Leanne Payne has seen instances where a boy has been
deserted, harmed or frustrated by his father and responded with
a childhood oath against his father, such as: "I will never,
ever love him again"; "I vow never to be like him when I grow
up"; 'This time he has gone too far. I will never again allow
him to get to me"; or "He will never get the chance to hurt me
again, I'm wiping him out of my world." In Payne's experience,
when these men cut off their fathers by means of this oath, they
"cut themselves off from their own masculinity." (Payne
1985, p.54)
Dr. Elizabeth Moberly, whose analysis of the origins of
homosexuality and whose strategies for therapy have been
embraced by support groups such as Homosexual Anonymous and
reparative therapists, characterizes homosexuality as a
"reparative drive":
From amidst a welter of details, one constant underlying
principle suggests itself: that the homosexual -- whether man
or woman -- has suffered from some deficit in the relationship
with the parent of the same sex; and that there is a
corresponding drive to make good this deficit -- through the
medium of same-sex, or 'homosexual', relationships.(Moberly,
p. 3)
Moberly rejects determinist explanations: "No particular
incident must inevitably disrupt the attachment to the same sex
parent. But any of a wide variety of incidents may, in certain
cases, happen to result in this particular form of psychological
damage." The injury may be unintentional:
Whatever the particular incident may be, it is something
that has been experienced as hurtful by the child, whether or
not intended as hurtful by the parent. The parent may or may
not be culpable, but in either case the child has genuinely
been hurt. The difficulty arises when which a hurt is
accompanied by an unwillingness to relate any longer to the
love-source that has been experienced as hurtful. This implies
an abiding defect in the child's relational capacity. The
tragedy is that subsequent to this effect the behavior of the
same-sex parent becomes irrelevant, since the child is no
longer able to relate normally to him or her. Even if love is
offered, it cannot be received. (Moberly,
p 5.)
According to Moberly in some cases the injury and effect may
not be evident, but in many cases both are clearly evident.
Moberly holds that: "The homosexual condition is itself a
deficit in the child's ability to relate to the parent of the
same sex which is carried over to members of the same sex in
general;" and that a "defensive detachment from the parent of
the same sex also implies blocking of the normal identificatory
process.
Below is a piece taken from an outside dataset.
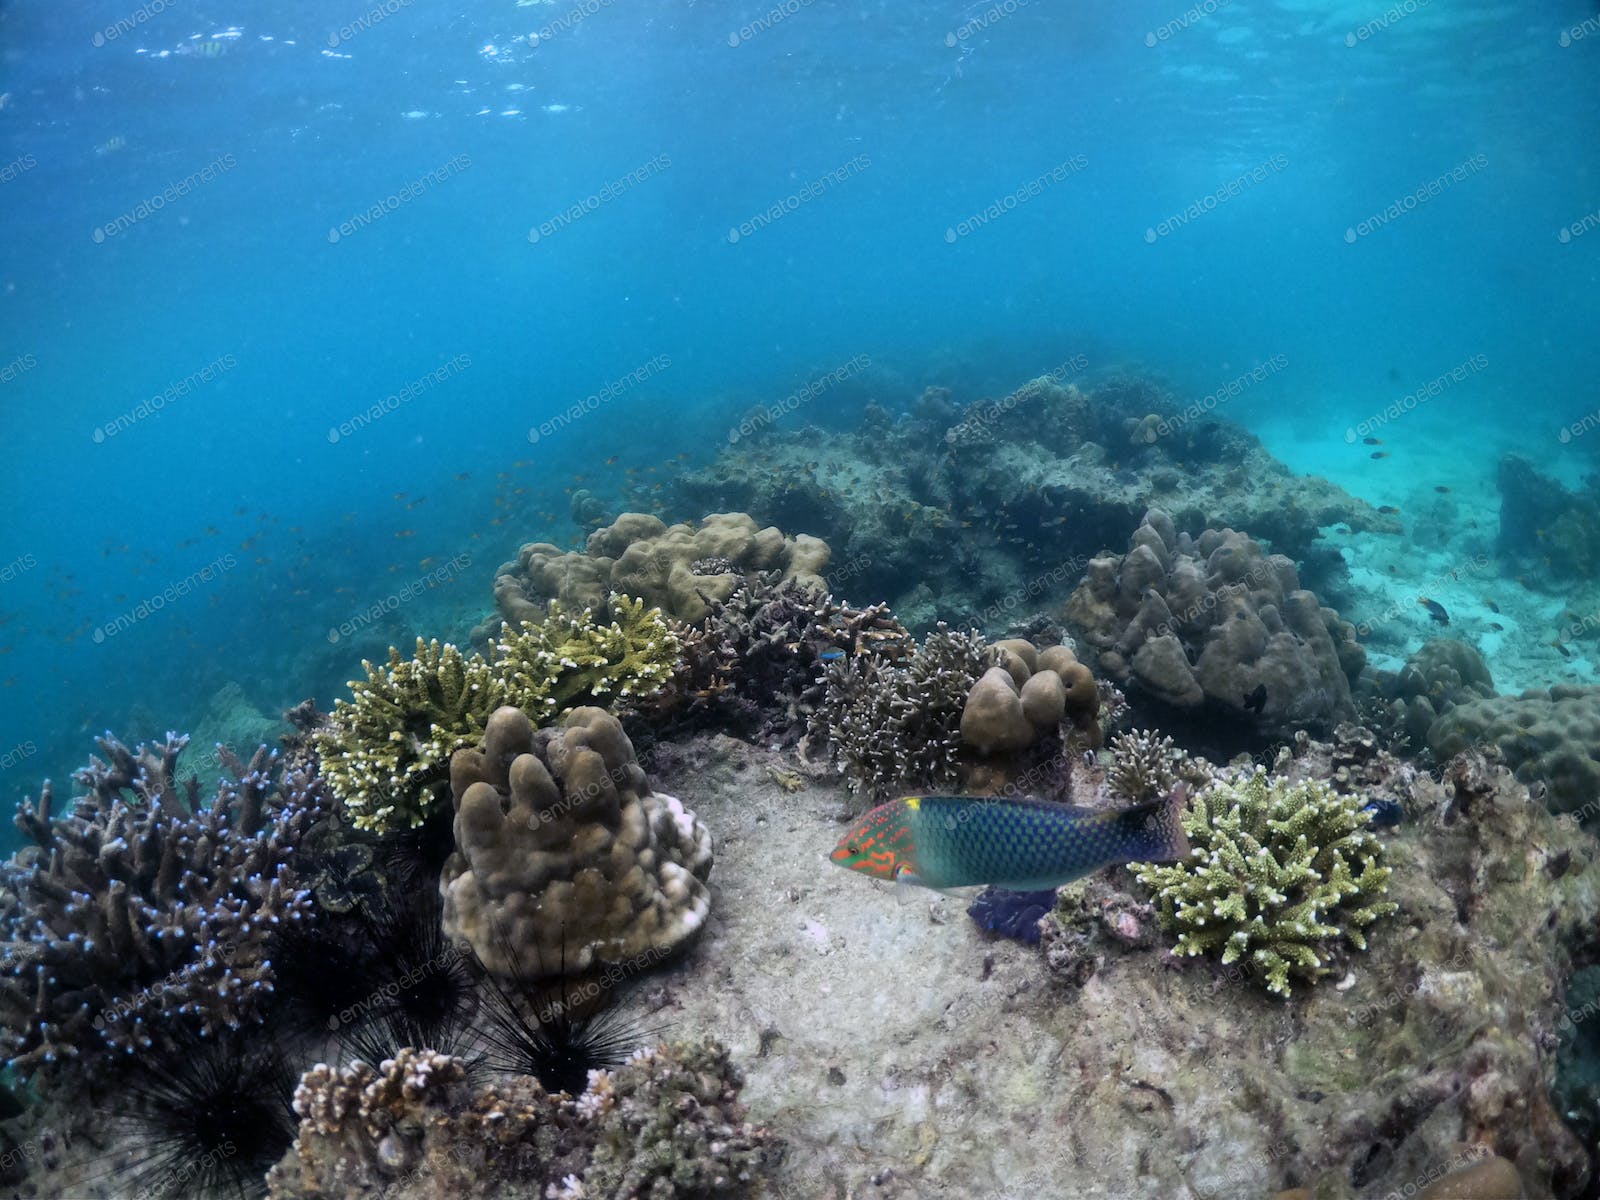 Underwater seascape of corals and algae in the ocean. photo by erika8213 on Envato Elements

This may in some instances, but by no means in all, be
expressed in effeminacy in male homosexuals." This effeminacy,
according to Moberly, is not a "genuine identification with the
opposite sex, but rather disidentification from the same
sex.(Moberly,
p.8)
Sources
The material in the section comes from several different
sources:
1) Studies based adult homosexual adults recollections of
childhood experiences;
2) Reports from therapists who treat adult homosexuals;
3) Biographical information from adult homosexuals;
4) Reports from therapists who treat childhood conditions
which sometimes precede adult homosexuality, namely Gender
Identity Disorder (GID) and Chronic Juvenile Unmasculinity.
(CJU.)
5) Longitudinal studies of children with GID -- tracking
them from childhood into adulthood.
The link between GID and CJU. and adult homosexuality has
been demonstrated in a number of studies. Estimates are that
about 85% of homosexual male adults showed symptoms of GID
and/or CJU. in childhood and that about 75% of the boys who show
evidence of GID in childhood currently become homosexual adults.
The studies reviewed in this section were conducted by
persons with very different attitudes toward homosexual
behavior, but in spite of this the results are remarkably
similar. Almost without exception adult male homosexuals' recall
of their childhood experiences differs significantly from that
of non-homosexuals. In particular, adult male homosexuals report
unsatisfactory relationship with their fathers, problematic
relationships with their mothers, gender identity pathology,
and/or chronic, persistent childhood unmasculinity.